--- Exercise data ---

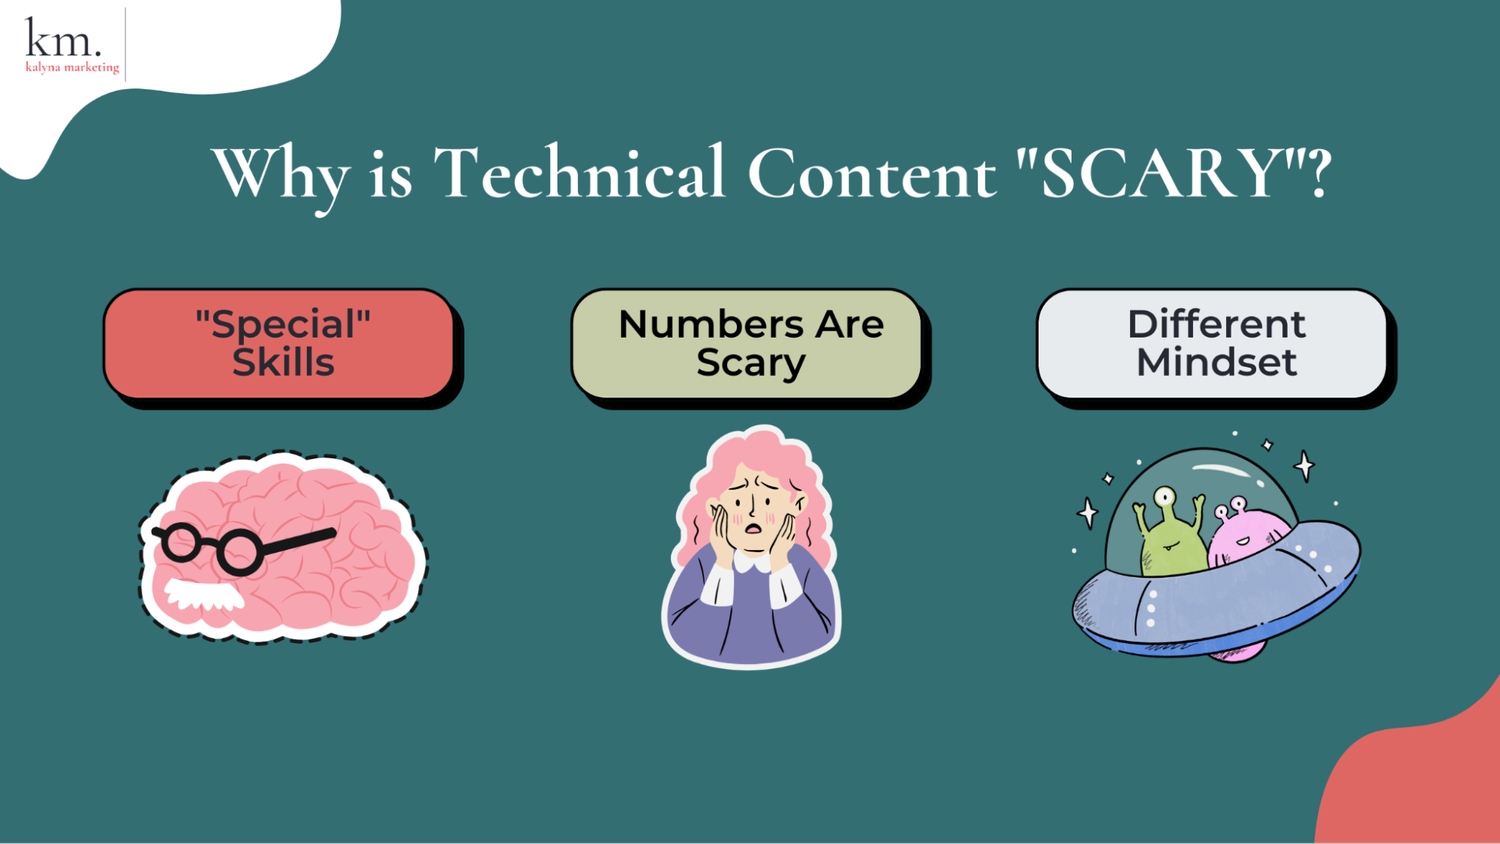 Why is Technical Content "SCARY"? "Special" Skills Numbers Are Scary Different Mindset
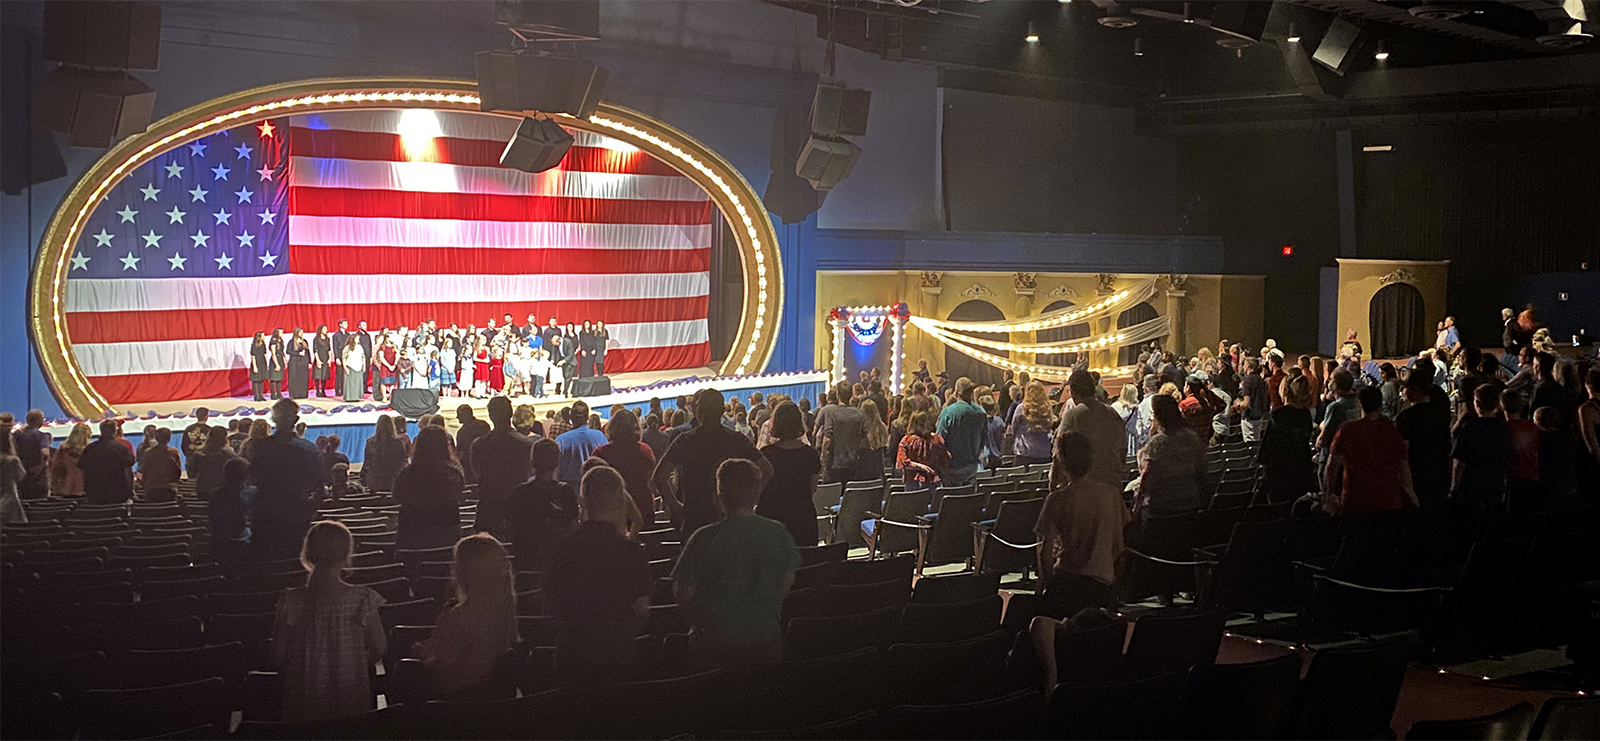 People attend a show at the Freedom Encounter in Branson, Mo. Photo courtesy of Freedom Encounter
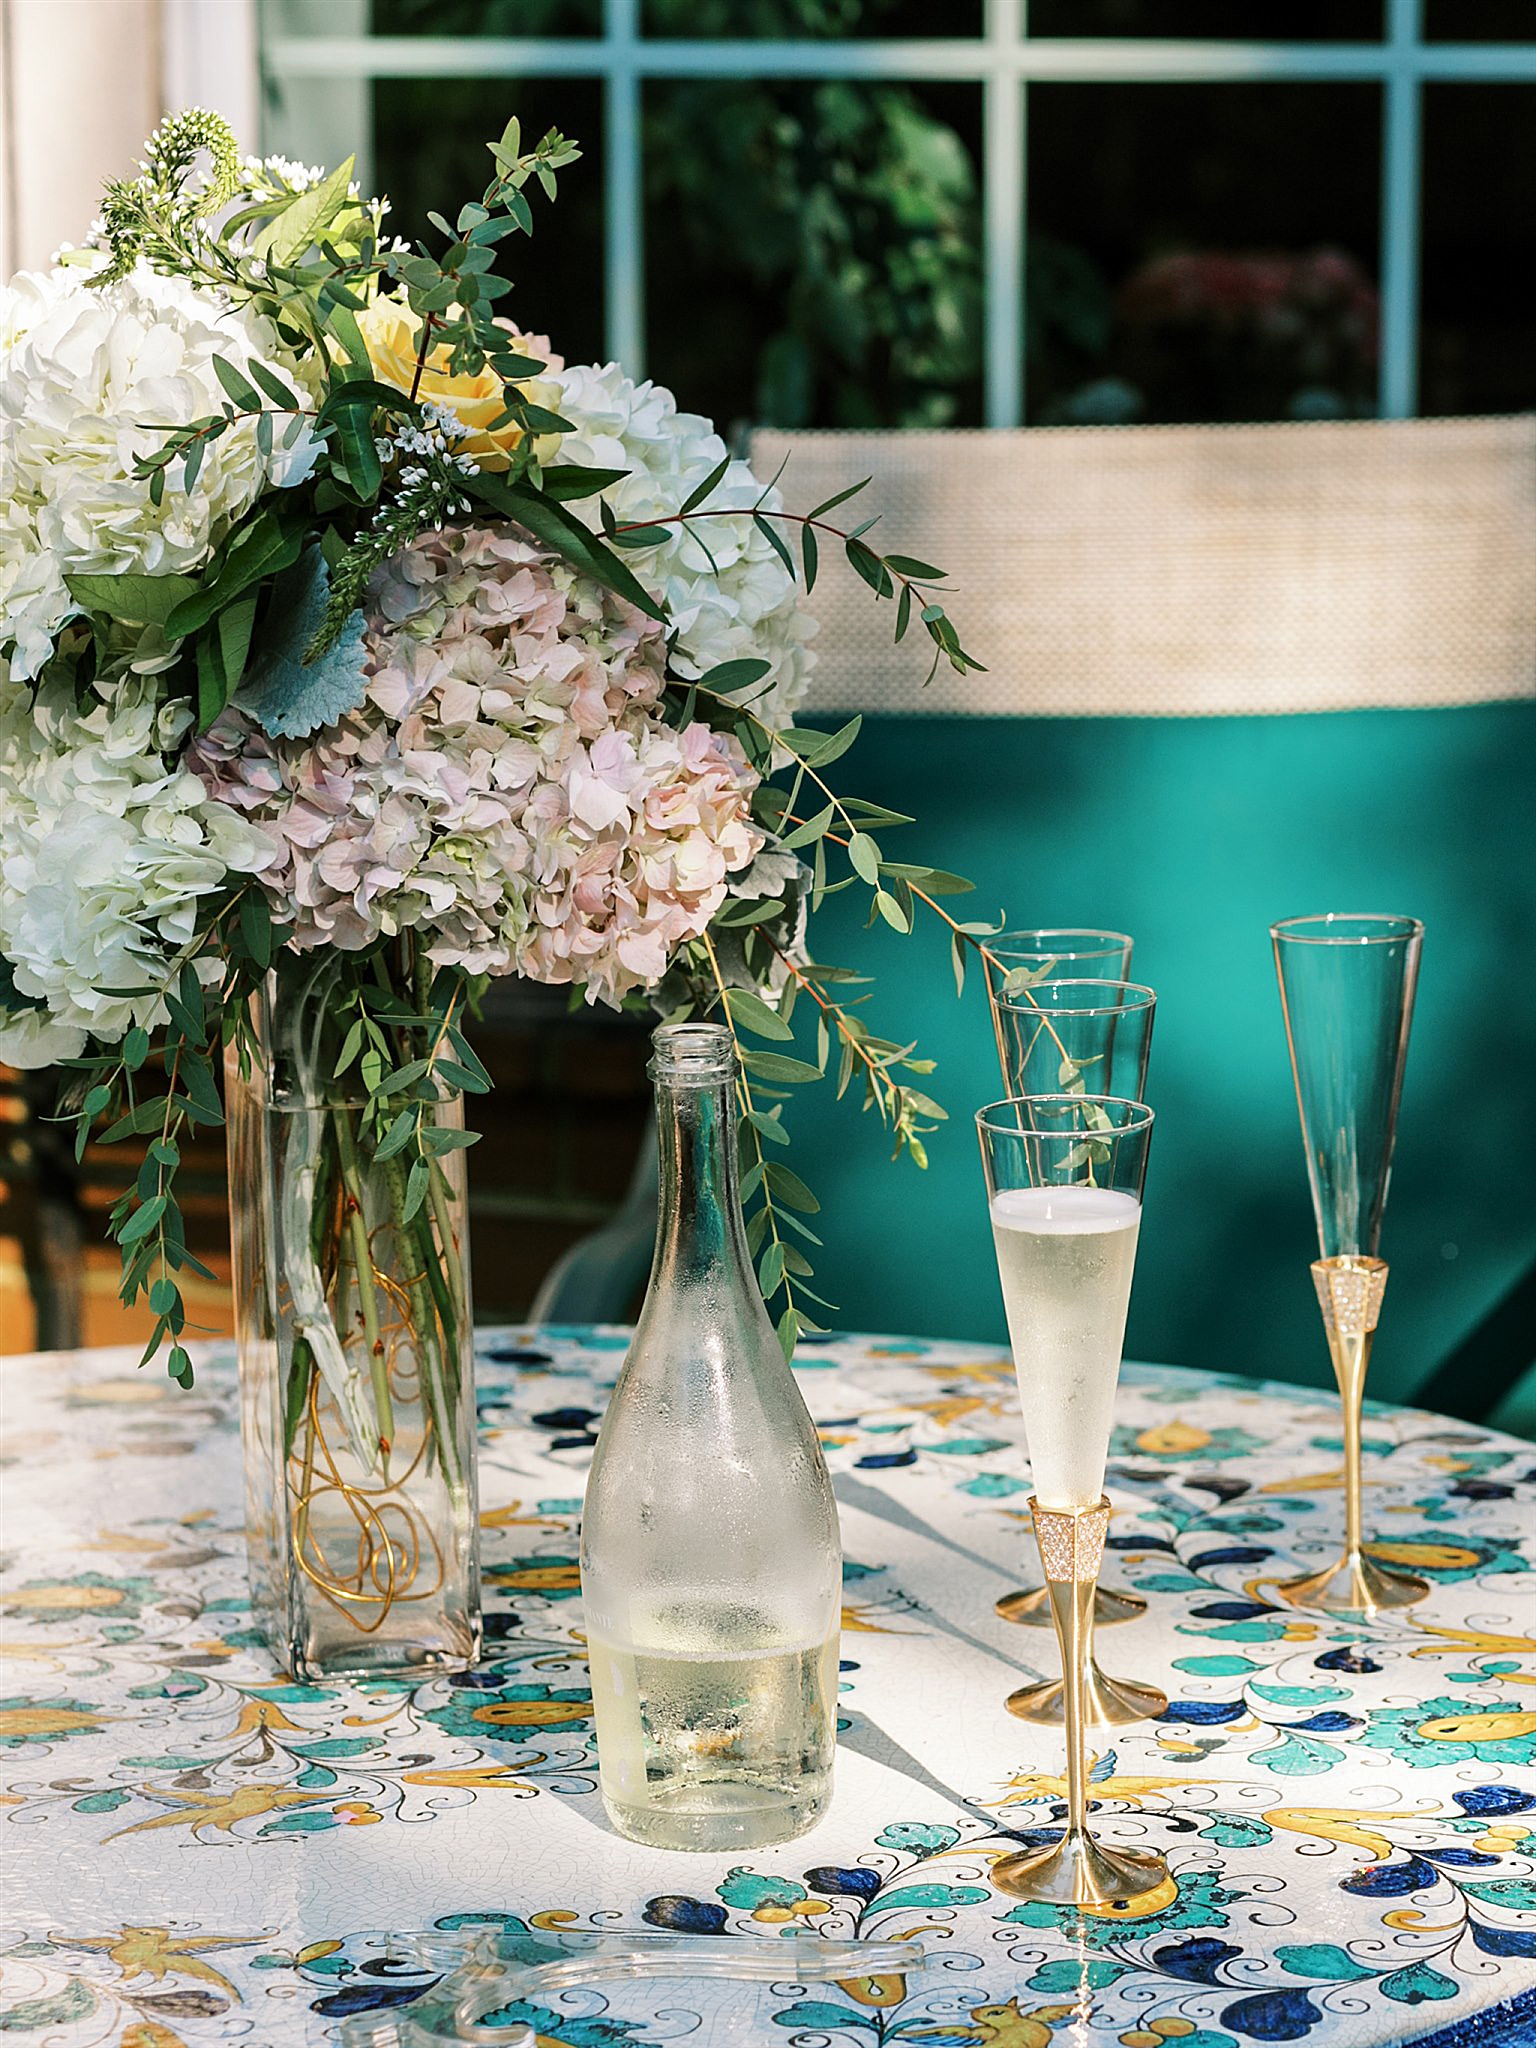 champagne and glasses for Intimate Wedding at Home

---

Beginning with the line that contains "People attend a", repeat every remaining line of the data exactly, the last line included, and omit pictures.

> Exercise output
 People attend a show at the Freedom Encounter in Branson, Mo. Photo courtesy of Freedom Encounter
 champagne and glasses for Intimate Wedding at Home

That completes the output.